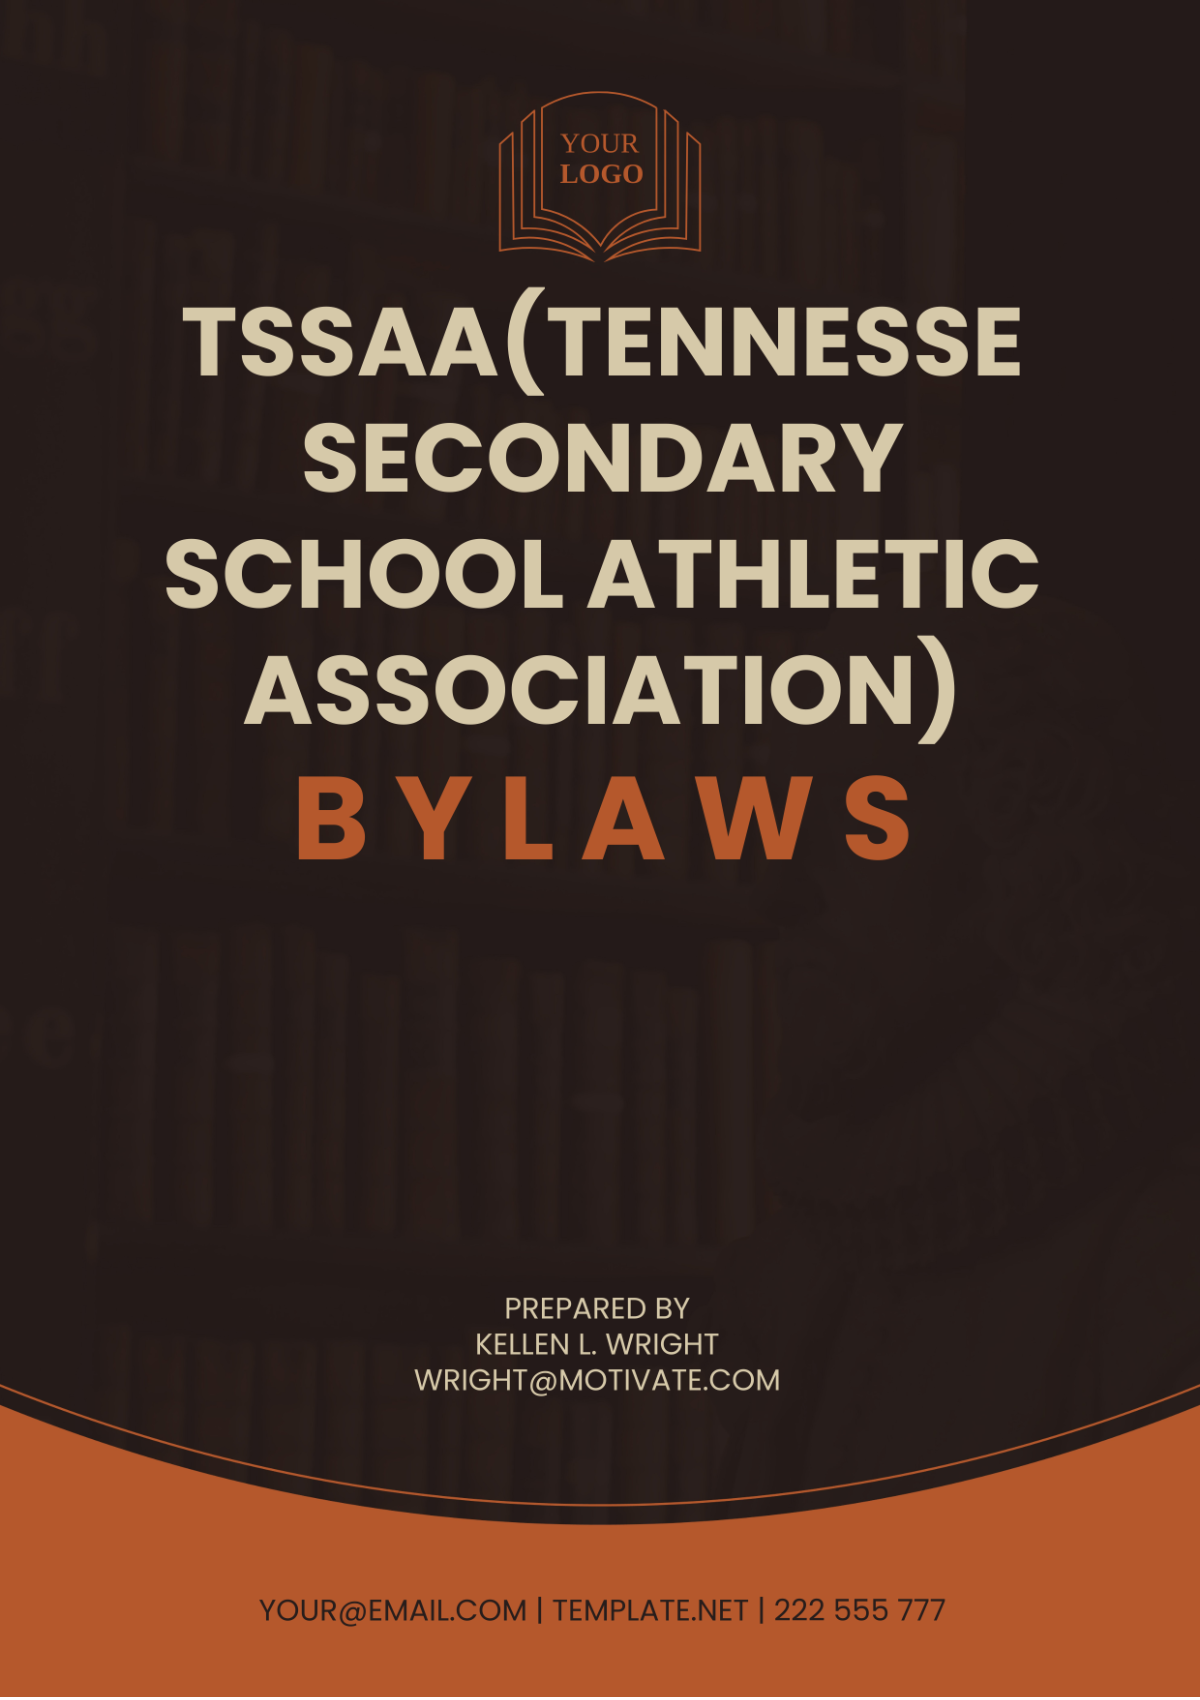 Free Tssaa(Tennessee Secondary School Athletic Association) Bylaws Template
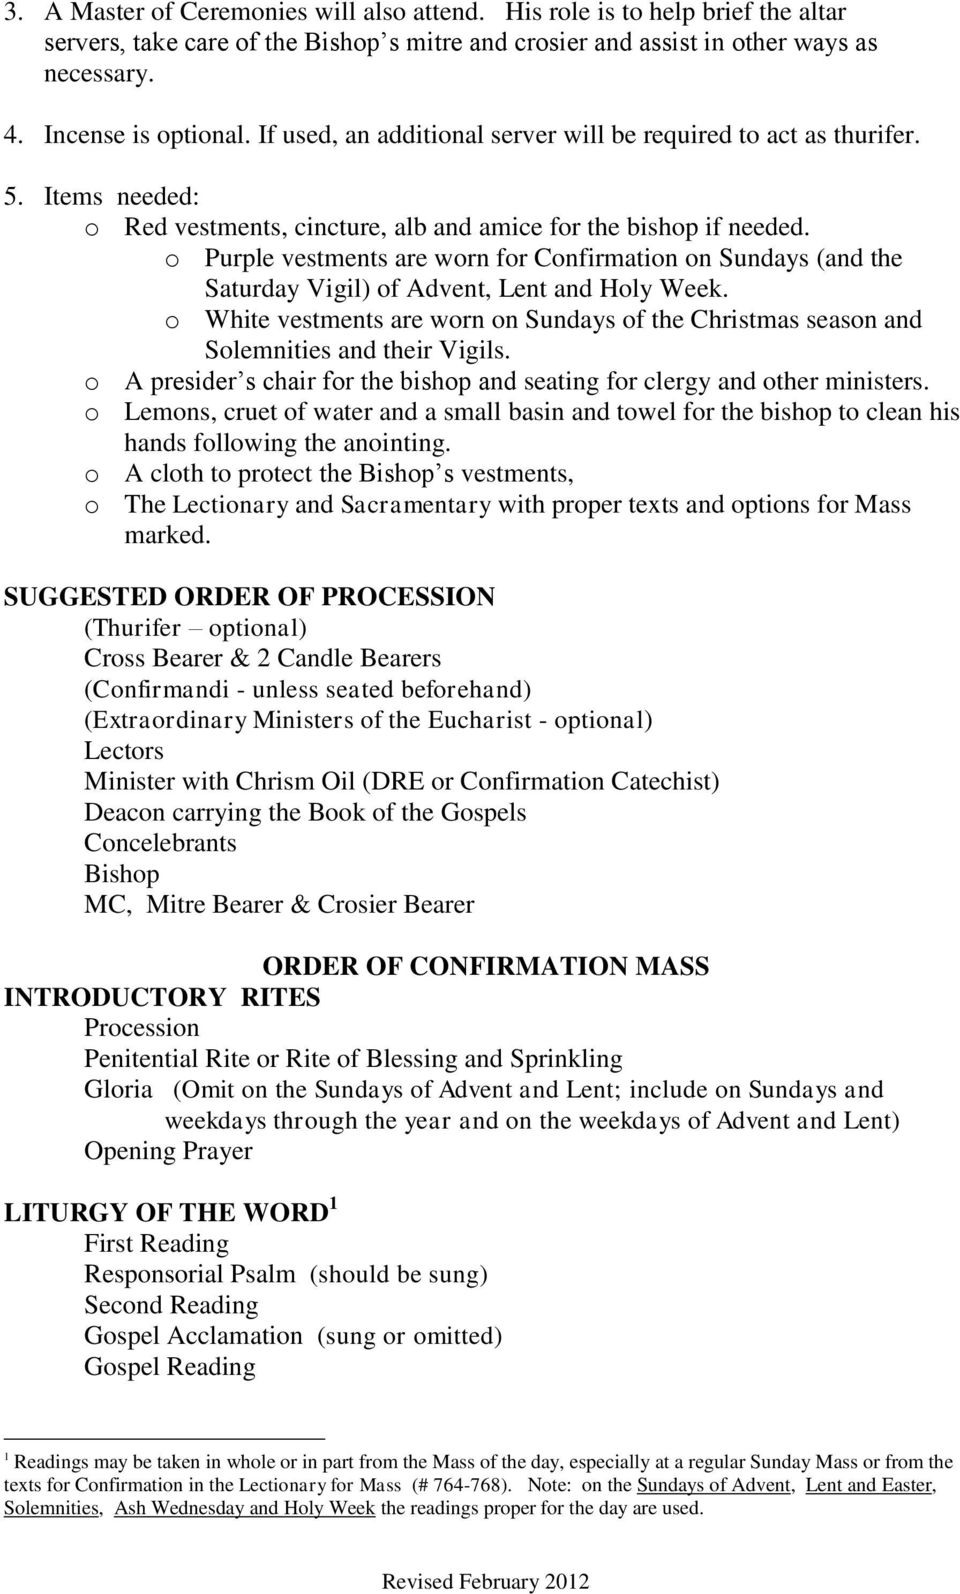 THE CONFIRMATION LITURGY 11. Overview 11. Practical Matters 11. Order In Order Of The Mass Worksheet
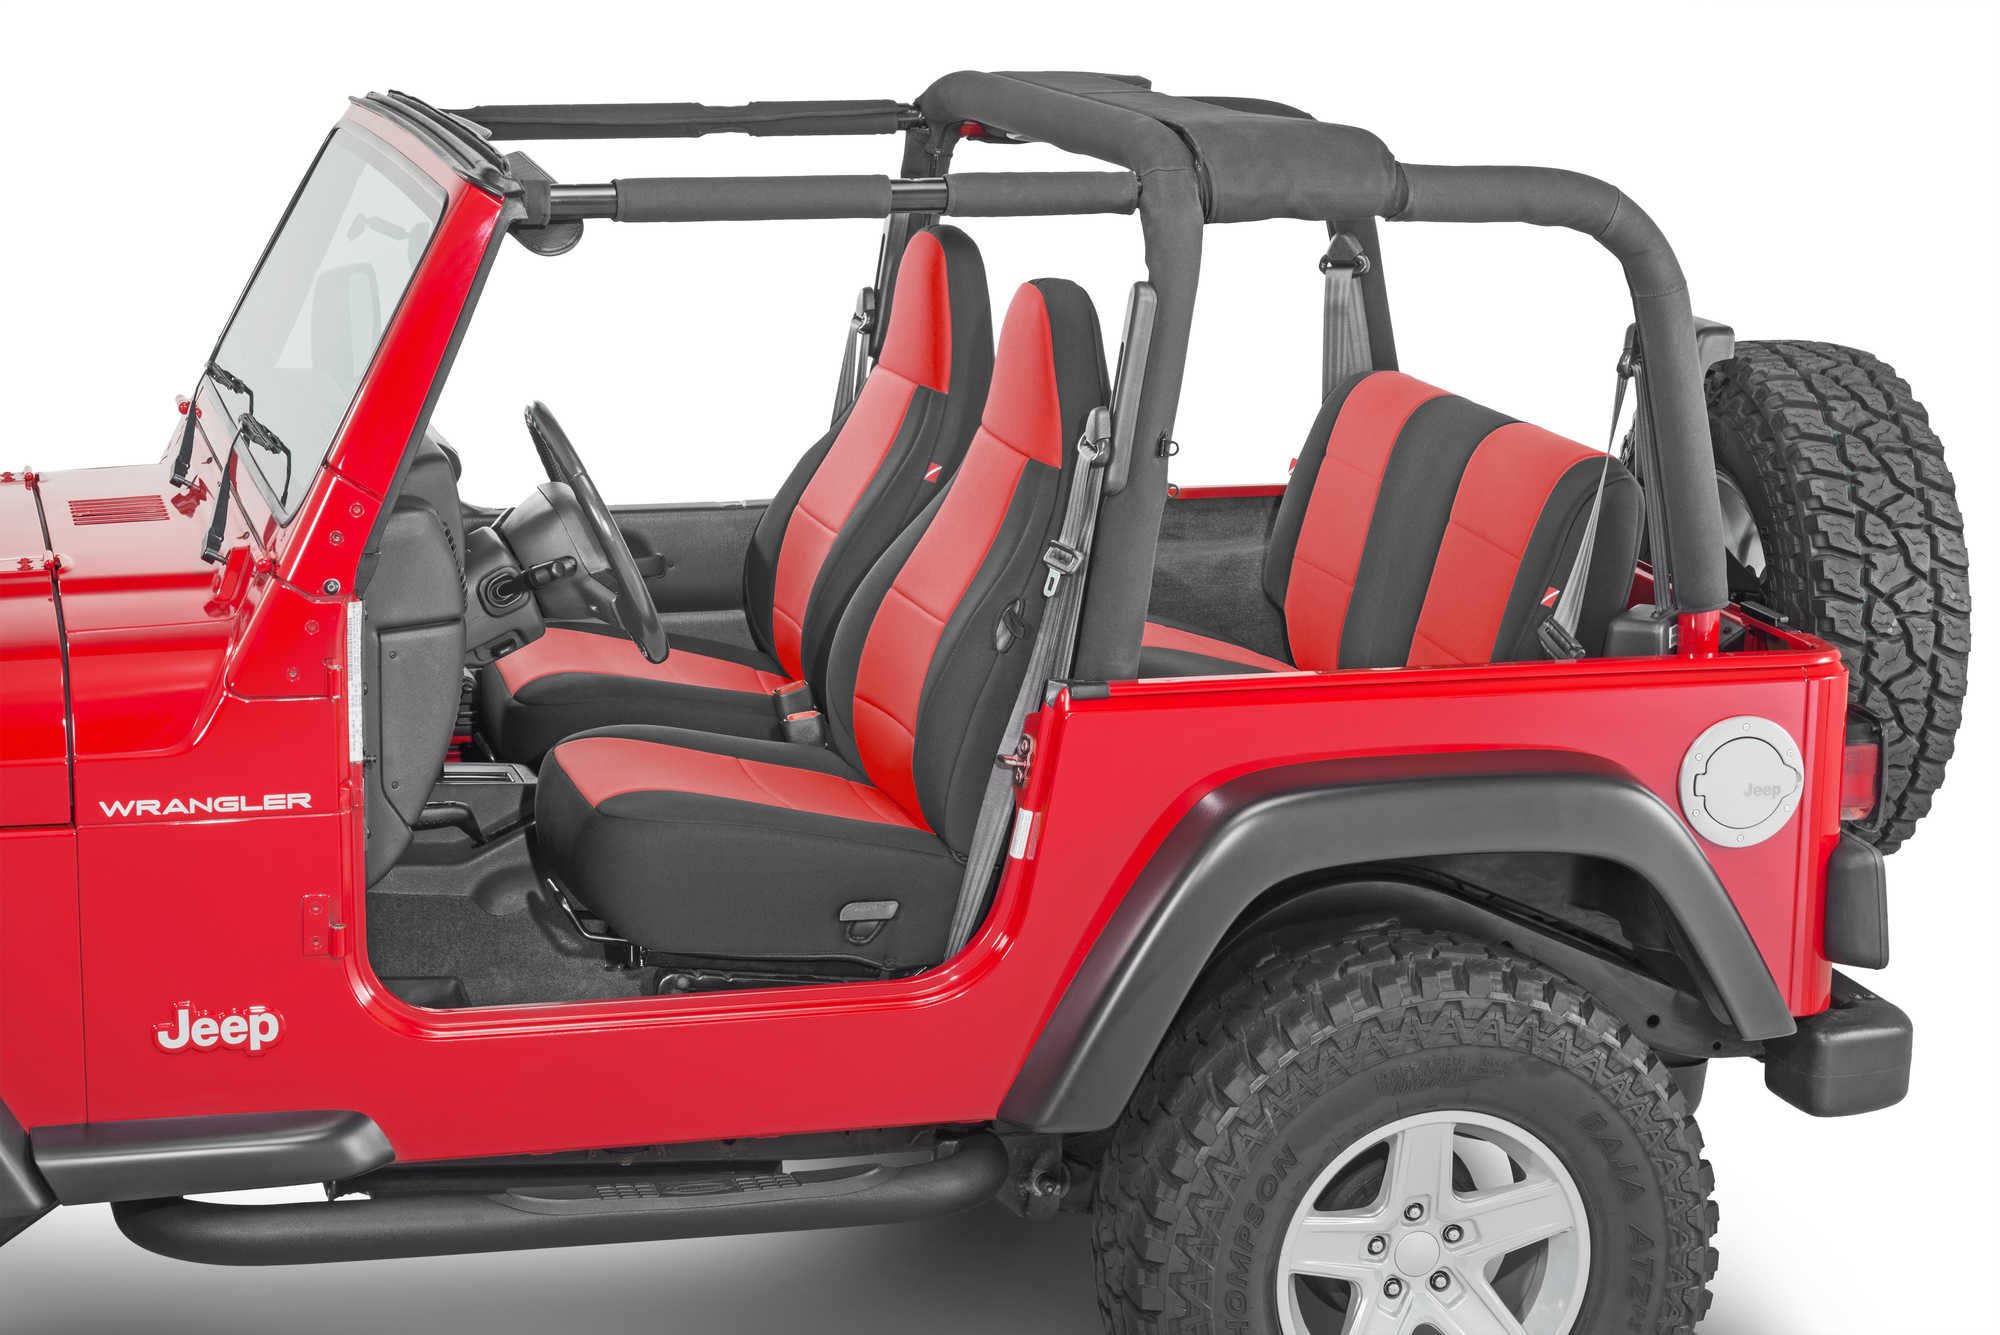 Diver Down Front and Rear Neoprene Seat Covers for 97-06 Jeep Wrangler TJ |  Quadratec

** PROBLEM DESCRIPTION **
Write out the full listing verbatim, excluding its pictures.

** OUTPUT OF THE TASK **
 Free Tssaa(Tennessee Secondary School Athletic Association) Bylaws Template
 THE CONFIRMATION LITURGY 11. Overview 11. Practical Matters 11. Order In Order Of The Mass Worksheet
 Diver Down Front and Rear Neoprene Seat Covers for 97-06 Jeep Wrangler TJ |  Quadratec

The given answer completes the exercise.